Checkout programs (after being preprocessed; the preprocessor is not part of the language proper, although necessary to write portable programs) are merely lists of commands, each of which is the command's name followed by zero or more arguments; whitespace is used to separate commands, command names and arguments, and because no command is a legal argument, it's always unambiguous where each command starts. (It's recommended that arguments are separated from each other and command names via spaces, and commands are separated from each other by newlines, to make programs easier to read, though.) Command names are identifiers (sequences of letters and underscores, case-sensitive), followed by a slash and a decimal digit representing the level of the command, such as nop/1. Arguments can be of three forms: constants, memory locations, or lists of commands enclosed in braces. What sort of arguments are allowed depends on the individual command.

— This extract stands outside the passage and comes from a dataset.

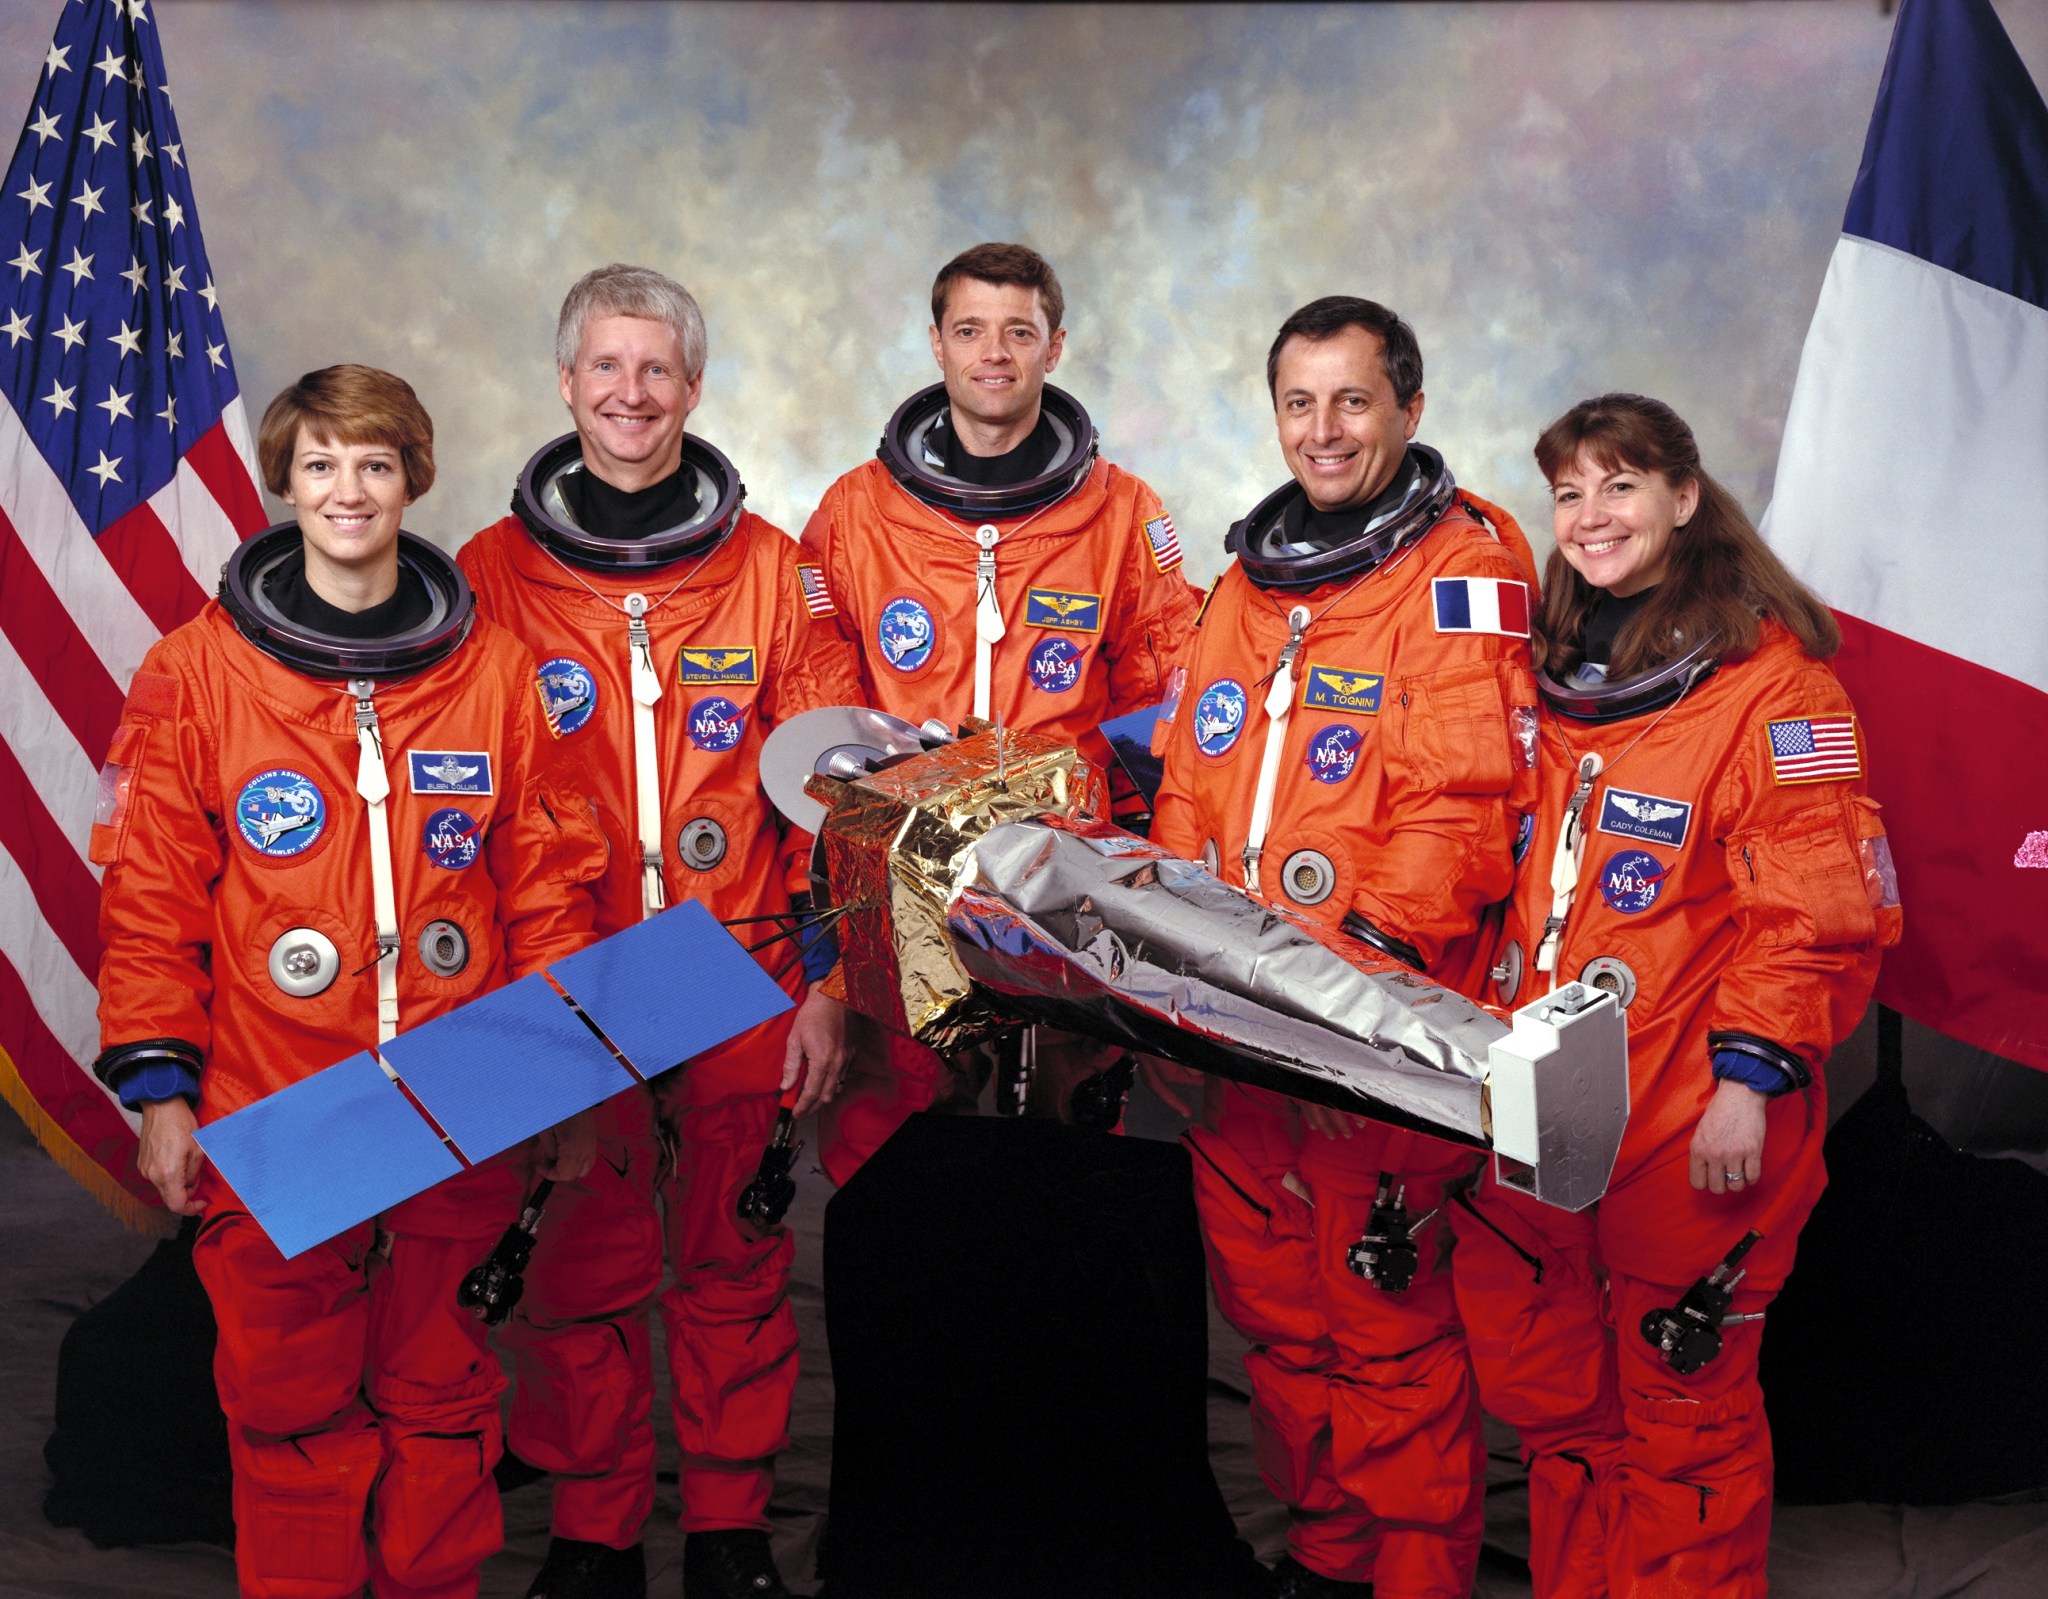 The crew of five astronauts for STS-93 in orange spacesuits pose for portrait

Constants are integers or floating-point numbers, with an implementation-dependent bitwidth (typically 32 or 64 bits); they use the same notation as in C89, except that trailing letters such as f or l to represent width are not used, and floating-point numbers must contain decimal points to distinguish them from integers. (Note that Checkout floating-point numbers might be, but are not necessarily, IEEE floating-point numbers; in particular, they do not need to support denormalised numbers, or any exceptional values such as infinity or NaN, and any operation that would produce such values is undefined behaviour. Note also that integers and floating-point numbers are the same width as each other.) Memory locations are notated as an integer constant or memory location in square brackets representing which word within the level they are, followed by a slash and a decimal digit representing the level of the memory; there is a limit on how deep memory locations can be indirected by using them as addresses (e.g. [[0]/1]/1), which is that indirect memory addresses cannot be indirected further, and individual commands generally also have restrictions on which levels indirect memory addresses can come from. (Memory locations just store bit-patterns, and whether they are interpreted as integers or floating-point numbers depends on the command.)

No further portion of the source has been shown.